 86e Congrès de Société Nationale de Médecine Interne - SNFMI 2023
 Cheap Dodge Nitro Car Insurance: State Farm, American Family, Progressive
---
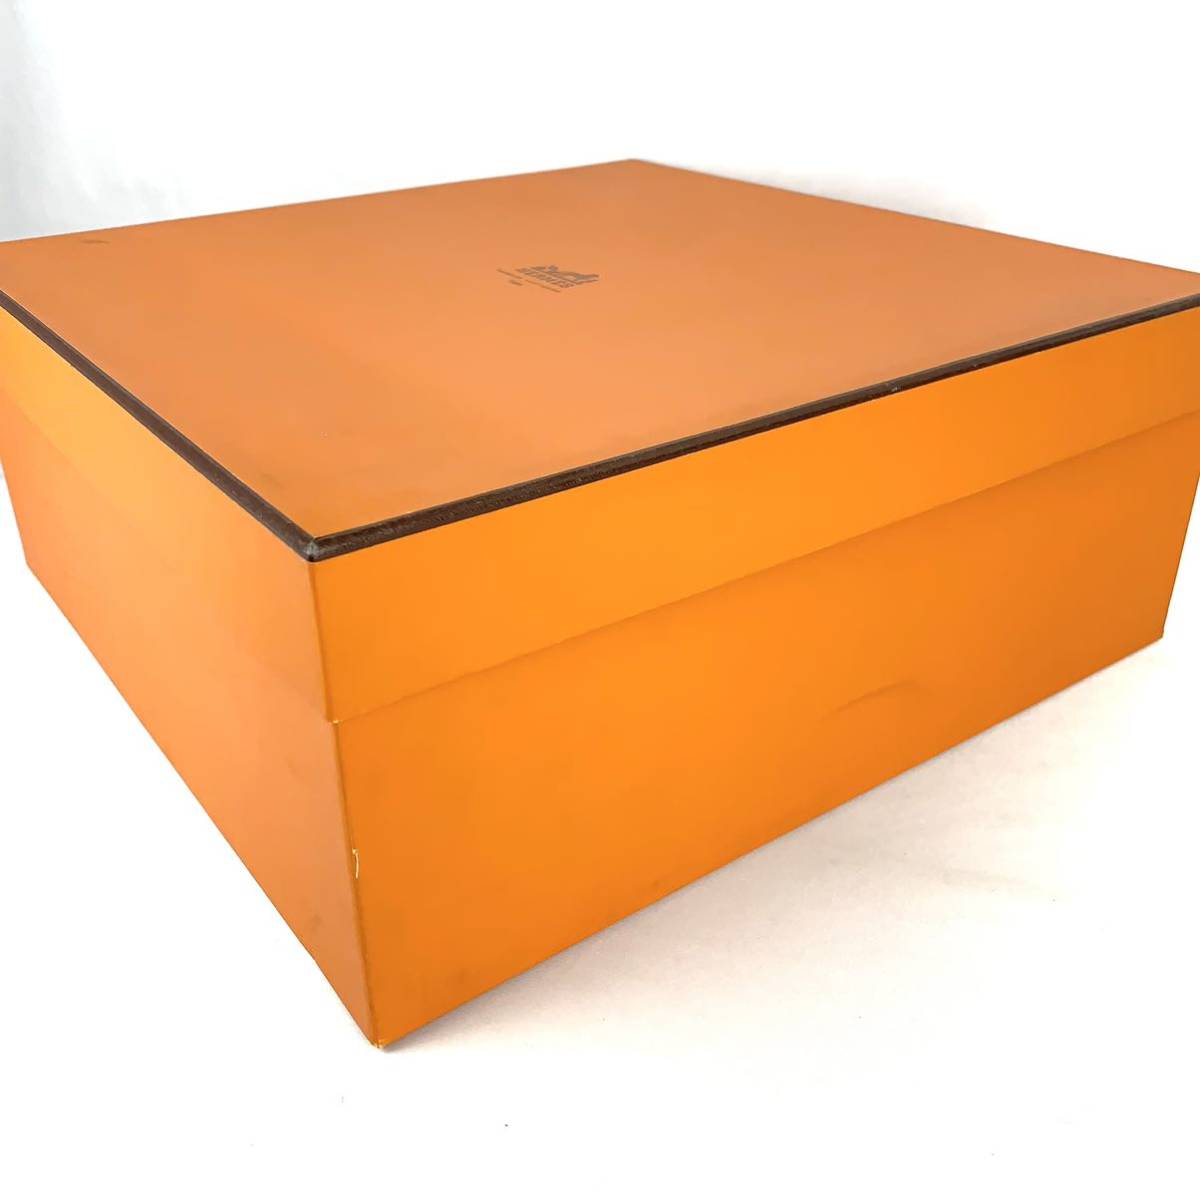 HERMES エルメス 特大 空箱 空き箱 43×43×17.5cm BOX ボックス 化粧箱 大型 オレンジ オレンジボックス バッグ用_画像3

Assignment =>
All that is wanted is the stretch of lines above from the one containing "86e Congrès de" through the one containing "Cheap Dodge Nitro", duplicated exactly.

Reply to the task =>
 86e Congrès de Société Nationale de Médecine Interne - SNFMI 2023
 Cheap Dodge Nitro Car Insurance: State Farm, American Family, Progressive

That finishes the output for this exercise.